Stable and ultraviolet-enhanced broadband photodetectors based on Si nanowire arrays-Cs₃Cu₂I₅ nanocrystals hybrid structures

Silicon has been the most widely used material for broadband photodetectors. However, the weak response in ultraviolet (UV), especially in deep-UV region, and the large dark current are still their critical drawbacks for practical applications. In this study, a strategy of decorating Cs₃Cu₂I₅ nanocrystals (NCs) on Si nanowire arrays (NWAs) to form a hybrid structure was proposed to overcome the above two issues.

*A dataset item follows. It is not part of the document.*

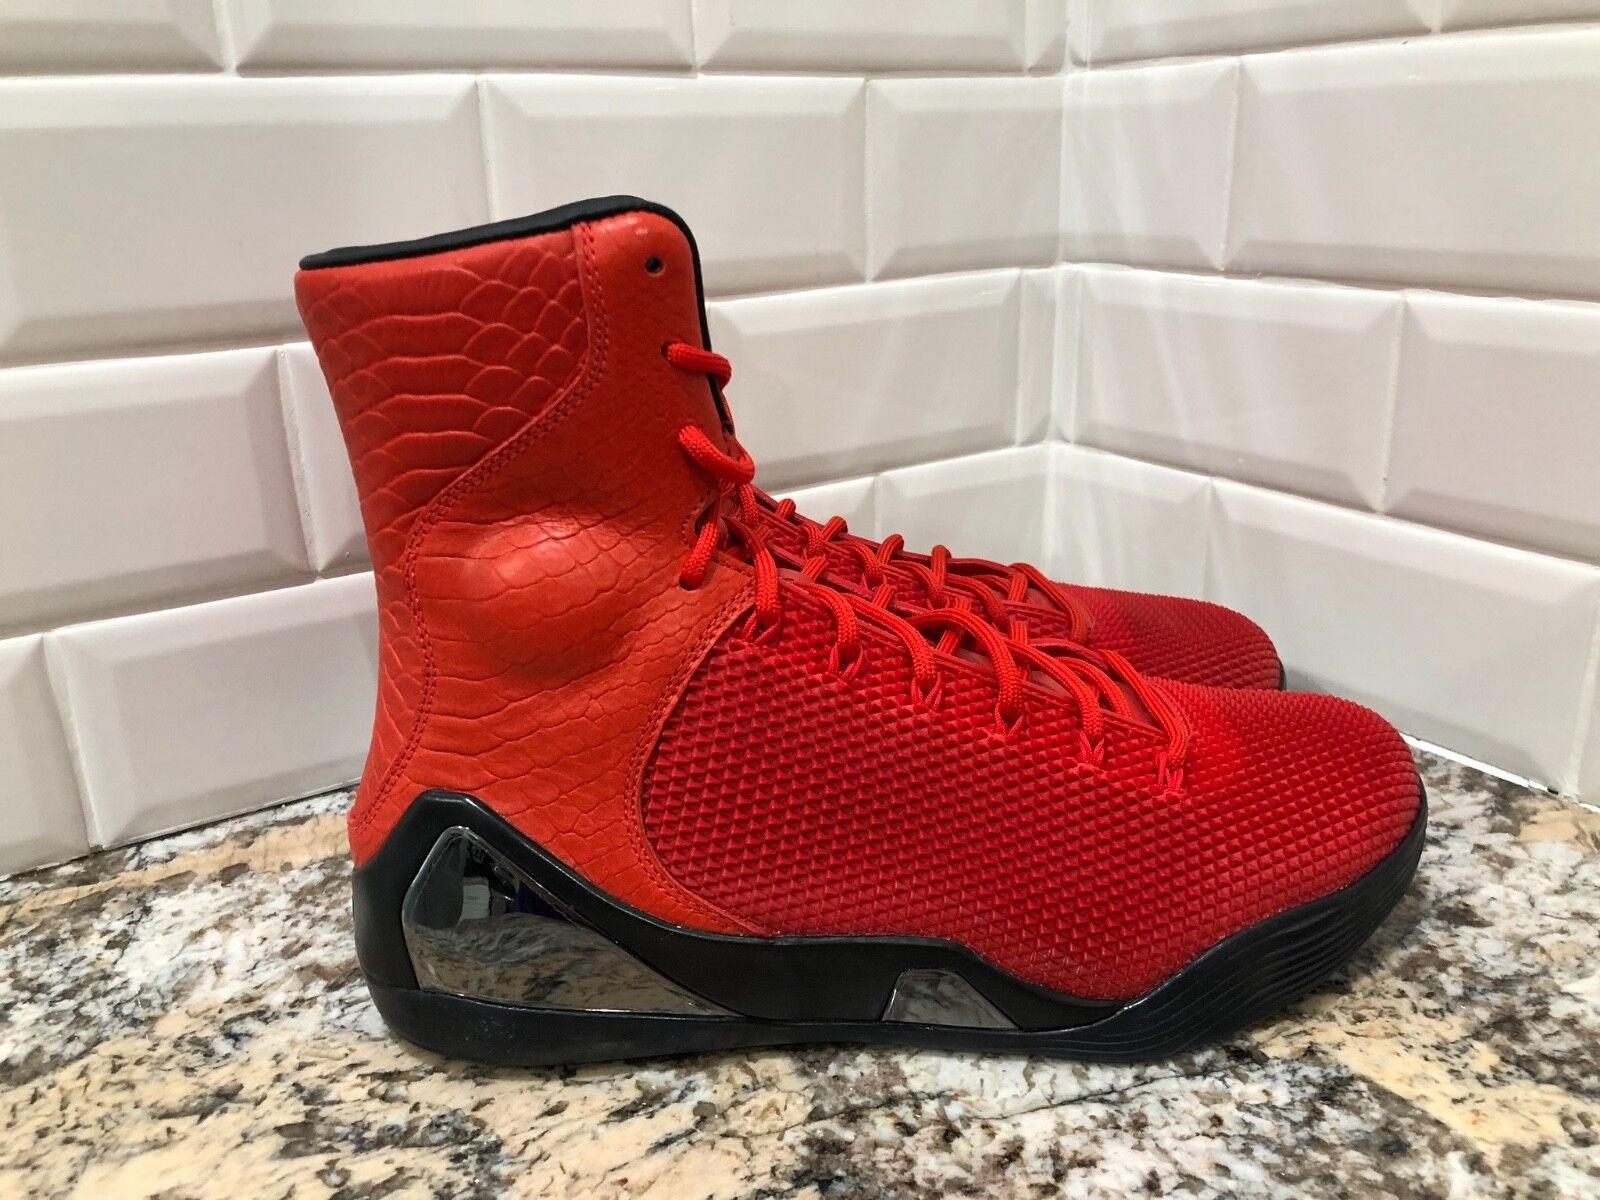 Nike kobe 9 ix alto krm ext qs sfida red mamba bryant 716993-600 sz - 9

Because of the wide and direct bandgap of Cs₃Cu₂I₅ with intrinsic UV light absorption, the photodetection ability of the hybrid detector in UV region was substantially enhanced owing to the efficient down-conversion of the UV incident light. Moreover, driven by a designed Schottky junction from asymmetric electrodes, the hybrid detector can be operated without external power supply. Typically, at 265 nm light excitation, the Si NWA-Cs₃Cu₂I₅ NCs hybrid device achieved a high photoresponsivity of 83.6 mA W⁻¹, a specific detectivity of 2.1 × 10¹² Jones, and a large on/off ratio of 3.72 × 10³ at 0 V, nearly 350 times higher than the bare Si NWA device. More importantly, the unencapsulated photodetector demonstrates an outstanding operational stability over the aging test for 10 h, and can endure a high humidity (75%, 7 days) and a long-term storage for 300 days in air ambient. Since the different deep-UV light sensitivity of the devices modified with/without Cs₃Cu₂I₅ NCs, a monolithically deep-UV light recognition system was therefore fabricated. It is anticipated that the present strategy provides a new avenue for the preparation of UV-enhanced broadband photodetectors, opening up opportunities for development of integrated optoelectronic systems in the future.